The main branch is a terrible place for fast-mutating cognitive residue. Every update becomes a commit. Every commit becomes reviewable. Every reviewable thing competes with actual product change. Eventually reviewers stop reading the memory diffs because they are noisy, which means the one memory diff that matters will slide through unnoticed.

That is how you get a very modern incident report:

Root cause: the agent updated its own assumptions in a Markdown file nobody reviewed because it looked like agent noise.

I can already feel the postmortem template forming. Please no.

So we started thinking about separation:

Durable decisions stay in the repo.
Runtime memory lives in a separate state space.
Workstream context is linked, not sprayed everywhere.
CI guards the policies that must not drift.
Humans review memory only when it becomes architecture.

In other words: the repo is the ship. The memory system is the ship’s computer. They are connected, but they are not the same thing.

Starfleet probably learned this after the third time the Enterprise computer became sentient and locked everyone out of life support.

This is where the work from Part 7 and Part 7b changed my thinking.

Part 7 was about separating workflows: code is slow, human-gated, and reviewable; squad state is fast, autonomous, and constantly changing. Putting both on the same branch creates noisy PRs and stale state. Orphan branches, separate repos, and worktrees are all attempts to separate those lifecycles.

Part 7b added the missing layer: git notes. If the state repo is the squad’s diary, git notes are the margin annotations attached to a specific commit. They are invisible in PR diffs but still retrievable later:

Why did the agent choose this approach?
What tradeoff did it make on this commit?
What did Worf flag during review?
Which decision was local to this change and which one deserves promotion?
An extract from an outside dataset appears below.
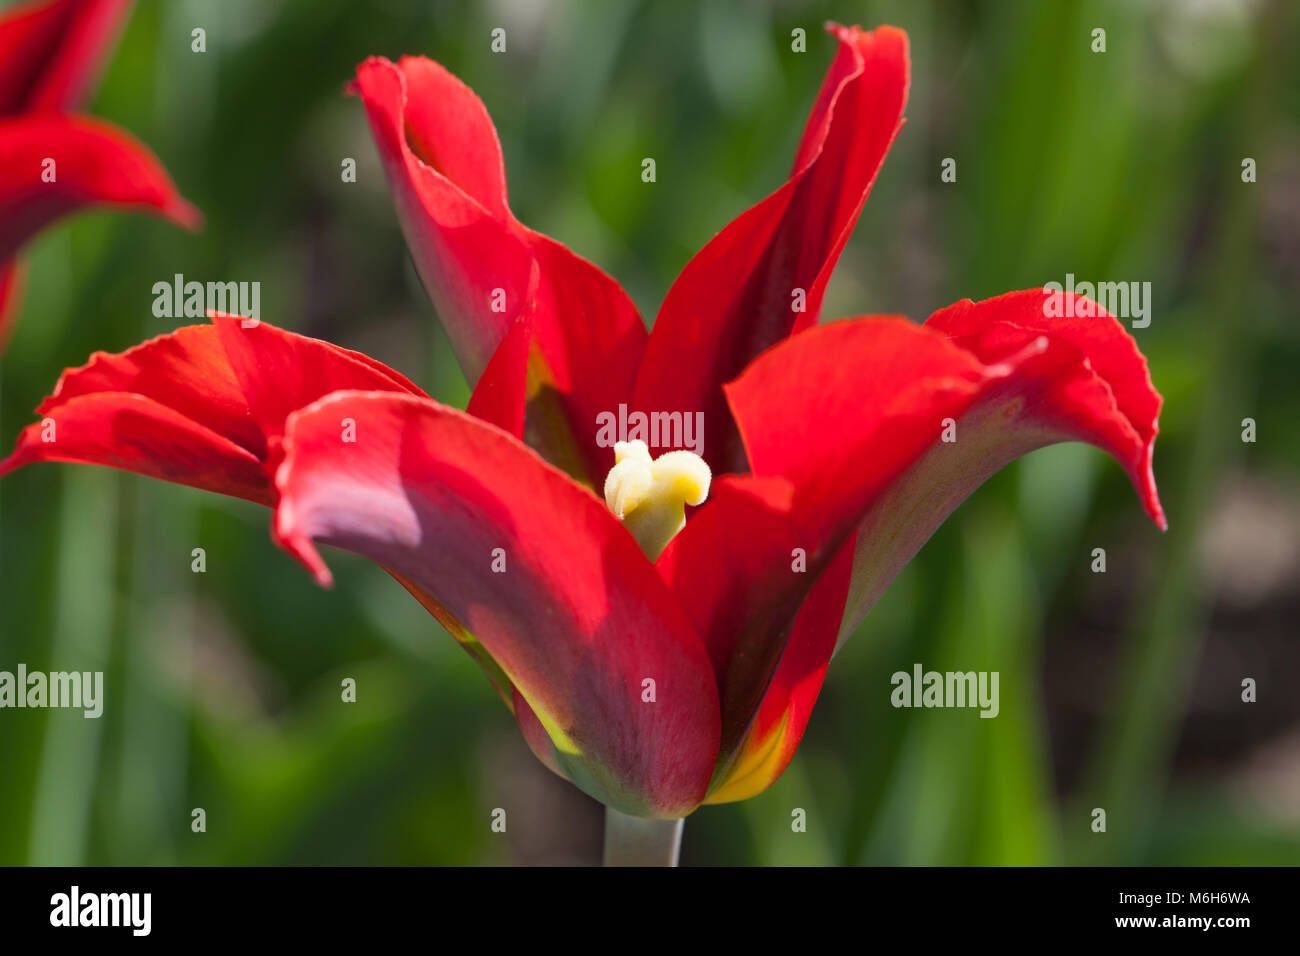 'Red Springgreen' Viridiflora Tulip, Viridifloratulpan (Tulipa gesneriana) Stock Photo

That distinction matters. Not every useful thought belongs in decisions.md. Some memory should stay commit-scoped. Some should be promoted into long-lived state. Some should die with the branch.

The architecture I keep coming back to is two-layer:

Commit-scoped memory lives close to the code, ideally as invisible metadata like git notes.
Long-lived squad memory lives in a state space designed for high-churn knowledge: orphan branch, separate repo, or another backend entirely.

The repo remains reviewable. The squad remains able to remember. Nobody has to review the ship’s dream journal to approve a bug fix.

Workstreams Are Memory Boundaries

The other thing that changed my thinking was workstreams.

A single squad-wide memory sounds convenient until you have multiple efforts happening at once:

Plugin architecture
Security hardening
Evaluation methodology
Runtime platform integration
Documentation
Release mechanics

Each workstream has its own vocabulary, constraints, open questions, and half-finished thoughts. If you dump all of that into one shared context, every agent becomes “helpful” in the worst possible way.

The plugin agent starts commenting on evaluation methodology.

The evaluation agent remembers a security exception from last week and applies it to an unrelated benchmark.

The documentation agent sees a temporary runtime note and turns it into a polished lie.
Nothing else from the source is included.